While talking about Lent today I thought, “What is the meaning of Lent and when did it start?”. Since Kevin didn’t know I looked the term Lent up on the internet and what I found was quite interesting. The word “Lent” originally simply meant the spring season. It was then used to translate the Latin term Quadragesima which means “forty days” or more literally “fortieth day” and has been used from the time of the Anglo-Saxon period. Quadragesima was the Latin rendering for the Greek name for what we now call Lent, tessarakoste (fortieth), a word formed on the analogy of Pentecost (pentekoste).
As I continued to read about Lent on the New Advent Catholic site I noticed that from the time of Eusebius and St. Irenaeus to St. Athanasius to the time of St. Gregory in the 6th century there was a no consensus on whether Lent would last forty days or a shorter period of time. There was also no consensus on the type and timing of fasting among the Church Fathers during this period of time. At the time of St. Gregory in Rome there were six weeks and six days per week that people fasted, which equaled thirty-six days of fasting. The medieval writers continued this tradition and described the thirty-six day period, one tenth of three hundred sixty-five days, as spiritual tithing. It wasn’t until a later date that Lent as being a total of forty days starting from Ash Wednesday came into fruition. This makes perfect sense since the Latin term Quadragesima means “forty days”.
“Some of the Fathers as early as the fifth century supported the view that this forty days’ fast was of Apostolic institution. For example, St. Leo (d. 461) exhorts his hearers to abstain that they may “fulfill with their fasts the Apostolic institution of the forty days” — ut apostolica institutio quadraginta dierum jejuniis impleatur (P.L., LIV, 633), and the historian Socrates (d. 433) and St. Jerome (d. 420) use similar language (P.G., LXVII, 633; P.L., XXII, 475).”
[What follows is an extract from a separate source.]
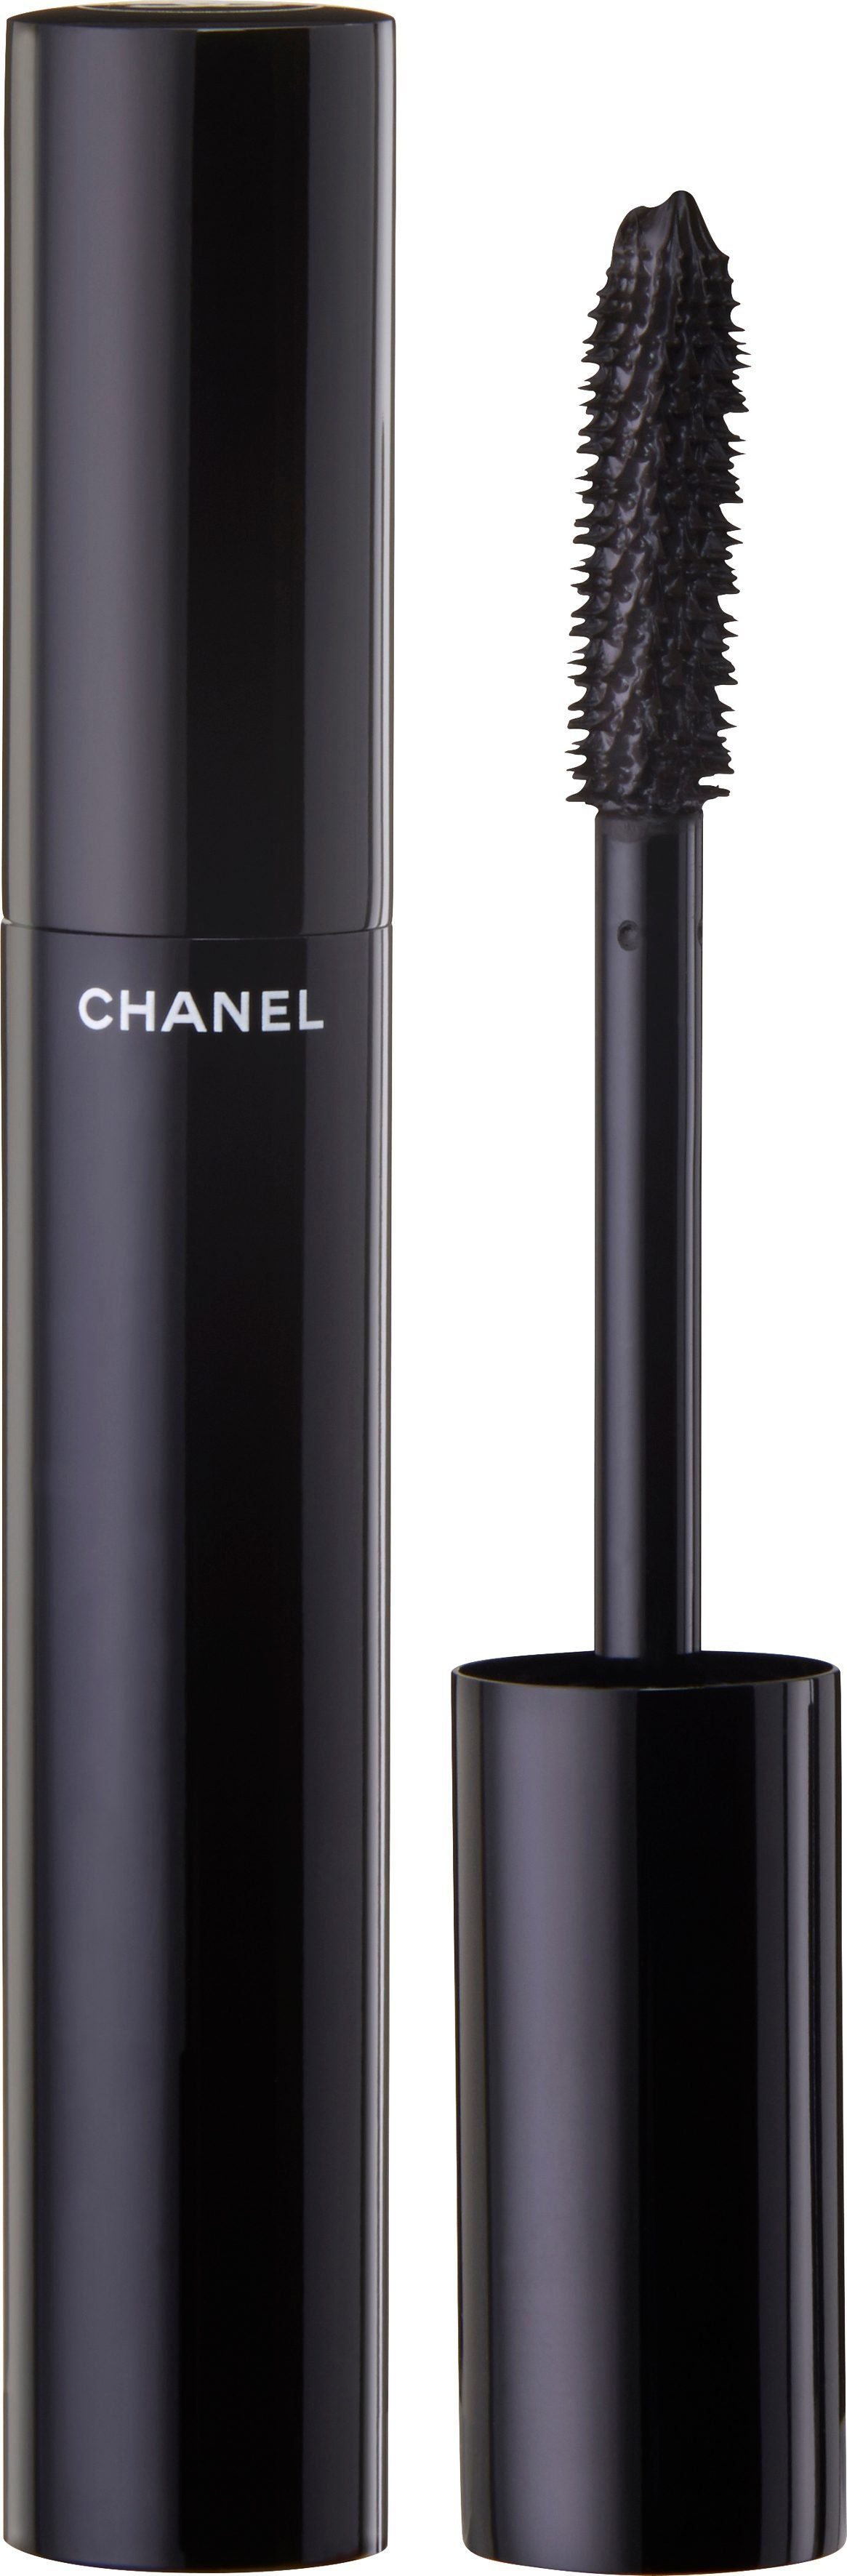 CHANEL Mascara Le Volume de Chanel, Bürste Innovative

But there was such a wide spectrum of practices regarding Lent and Easter during the first three centuries that the modern scholars nearly unanimously reject the view by some of the Fathers that the forty days fast was of Apostolic origin. But could the forty day period have been a revival from time of the Apostles? Were the Apostles following Jesus’ example of prayer and fasting in the desert for forty days?